Skip site navigation (1)Skip section navigation (2)
Date:      Wed, 10 Oct 2001 00:06:04 -0600
From:      "Kenneth D. Merry" <ken@kdm.org>
To:        Terry Lambert <tlambert2@mindspring.com>
Cc:        current@FreeBSD.ORG
Subject:   Re: Why do soft interrupt coelescing?
Message-ID:  <20011010000604.A19388@panzer.kdm.org>
In-Reply-To: <3BC34FC2.6AF8C872@mindspring.com>; from tlambert2@mindspring.com on Tue, Oct 09, 2001 at 12:28:02PM -0700
References:  <3BBF5E49.65AF9D8E@mindspring.com> <20011006144418.A6779@panzer.kdm.org> <3BC00ABC.20ECAAD8@mindspring.com> <20011008231046.A10472@panzer.kdm.org> <3BC34FC2.6AF8C872@mindspring.com>

next in thread | previous in thread | raw e-mail | index | archive | help
On Tue, Oct 09, 2001 at 12:28:02 -0700, Terry Lambert wrote:
> "Kenneth D. Merry" wrote:
> [ ... soft interrupt coelescing ... ]
> 
> > As you say above, this is actually a good thing.  I don't see how this ties
> > into the patch to introduce some sort of interrupt coalescing into the
> > ti(4) driver.   IMO, you should be able to tweak the coalescing parameters
> > on the board to do what you want.
> 
> I have tweaked all tunables on the board, and I have not gotten
> anywhere near the increased performance.
> 
> The limit on how far you can push this is based on how much
> RAM you can have on the card, and the limits to coelescing.
> 
> Here's the reason: when you receive packets to the board, they
> get DMA'ed into the ring.  No matter how large the ring, it
> won't matter, if the ring is not being emptied asynchronously
> relative to it being filled.
> 
> In the case of a full-on receiver livelock situation, the ring
> contents will be continuously overwritten.  This is actually
> what happens when you put a ti card into a machine with a
> slower processor, and hit it hard.

eh?  The card won't write past the point that has been acked by the kernel.
If the kernel hasn't acked the packets and one of the receive rings fills
up, the card will hold off on sending packets up to the kernel.

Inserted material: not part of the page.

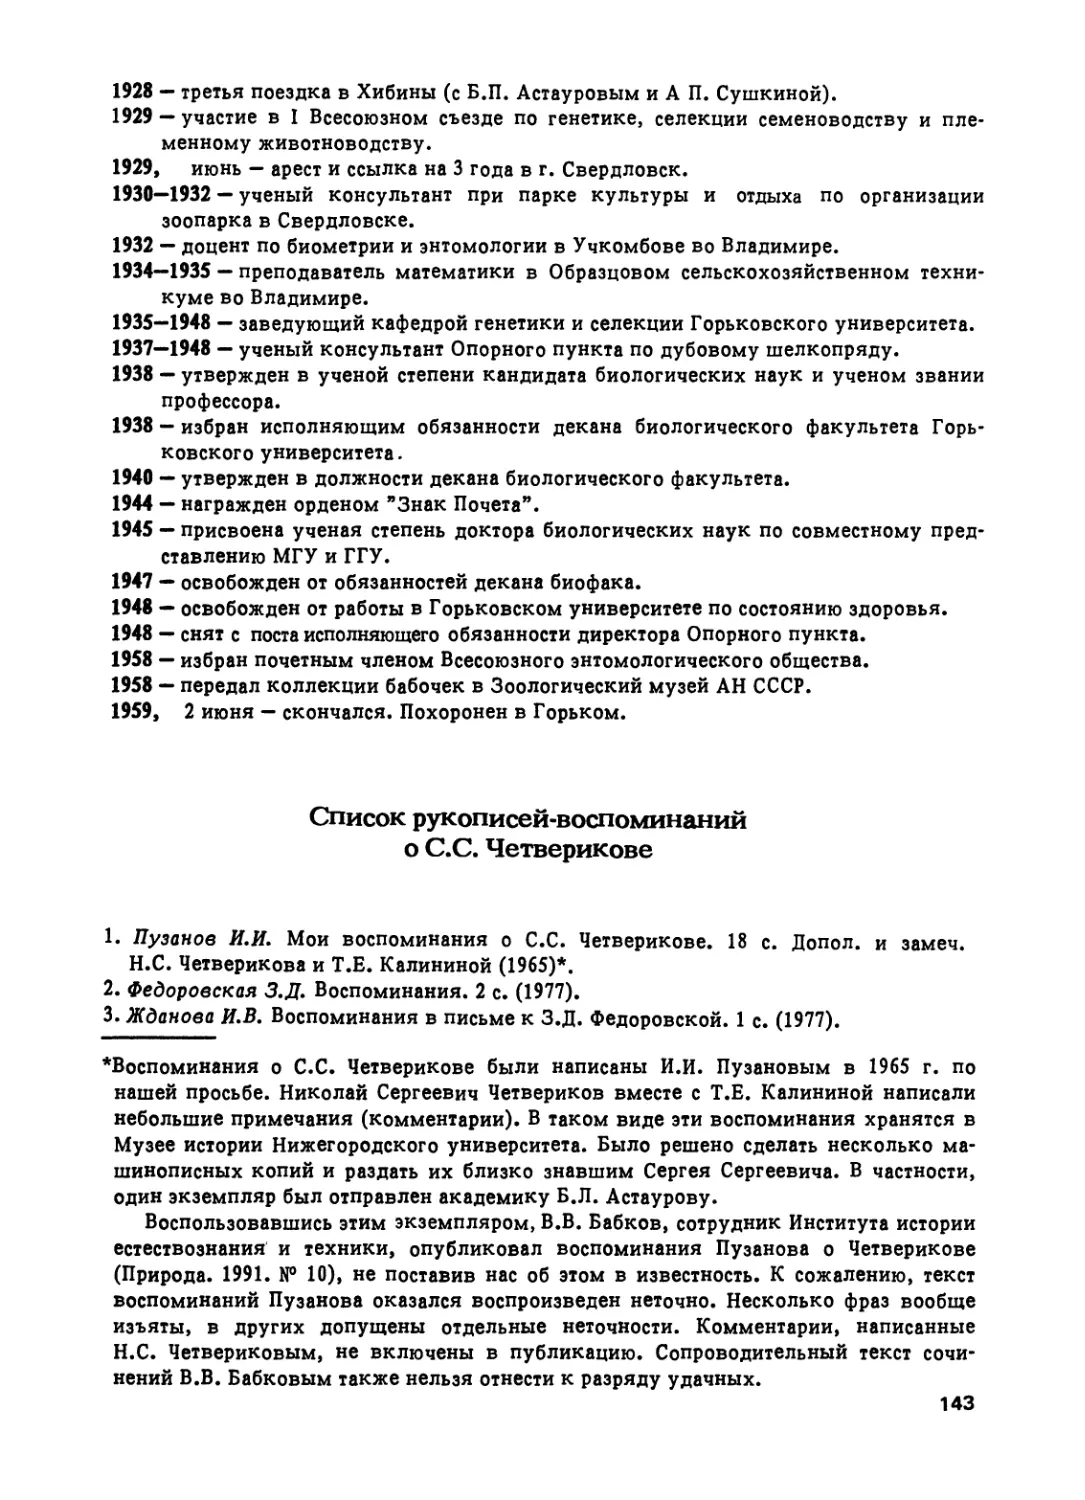 Список рукописей-воспоминаний о С.С. Четверикове
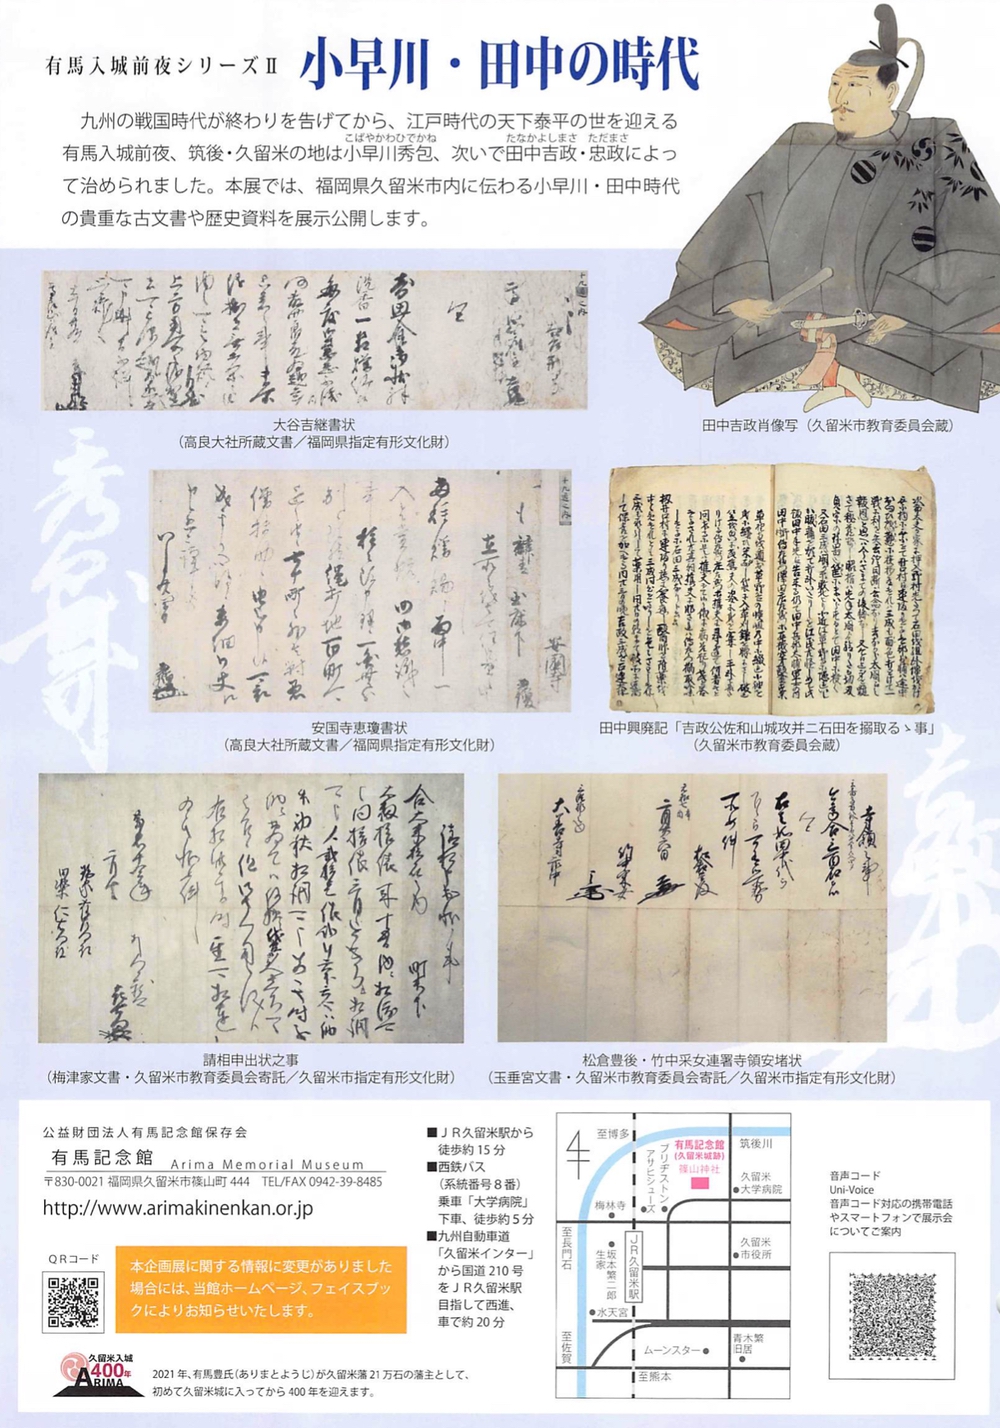 有馬入城前夜シリーズⅡ 小早川・田中の時代 貴重な古文書や歴史資料を展示公開

> In the case of interrupt processing, where you jam the data up
> through ether input at interrupt time, the buffer will be able
> to potentially overrun, as well.  Admittedly, you can spend a
> huge percentage of your CPU time in interrupt processing, and
> if your CPU is fast enough, unload the queue very quickly.
> 
> But if you then look at doing this for multiple gigabit cards
> at the same time, you quickly reach the limits... and you
> spend so much of your time in interrupt processing, that you
> spend none running NETISR.

I agree that you can end up spending large portions of your time doing
interrupt processing, but I haven't seen instances of "buffer overrun", at
least not in the kernel.  The case where you'll see a "buffer overrun", at
least with the ti(4) driver, is when you have a sender that's faster than
the receiver.

So the receiver can't process the data in time and the card just drops
packets.

That's a different situation from the card spamming the receive ring over
and over again, which is what you're describing.  I've never seen that
happen, and if it does actually happen, I'd be interested in seeing
evidence.

> So you have moved your livelock up one layer.
> 
> 
> In any case, doing the coelescing on the board delays the
> packet processing until that number of packets has been
> received, or a timer expires.  The timer latency must be
> increased proportionally to the maximum number of packets
> that you coelesce into a single interrupt.
> 
> In other words, you do not interleave your I/O when you
> do this, and the bursty conditions that result in your
> coelescing window ending up full or close to full are
> the conditions under which you should be attempting the
> maximum concurrency you can possibly attain.
> 
> Basically, in any case where the load is high enough to
> trigger the hardware coelescing, the ring would need to
> be the next power of two larger to ensure that the end
> does not overwrite the beginning of the ring.
> 
> In practice, the firmware on the card does not support
> this, so what you do instead is push a couple of packets
> that may have been corrupted through DMA occurring during
> the fact -- in other words, you drop packets.
> 
> This is arguably "correct", in that it permits you to shed
> load, _but_ the DMAs still occur into your rings; it would
> be much better if the load were shed by the card firmware,
> based on some knowledge of ring depth instead (RED Queueing),
> since this would leave the bus clear for other traffinc (e.g.
> communication with main memory to provide network content for
> the cards for, e.g., and NFS server, etc.).
> 
> Without hacking firmware, the best you can do is to ensure
> that you process as much of all the traffic as you possibly
> can, and that means avoiding livelock.

Uhh, the Tigon firmware *does* drop packets when there is no more room in
the proper receive ring on the host side.  It doesn't spam things.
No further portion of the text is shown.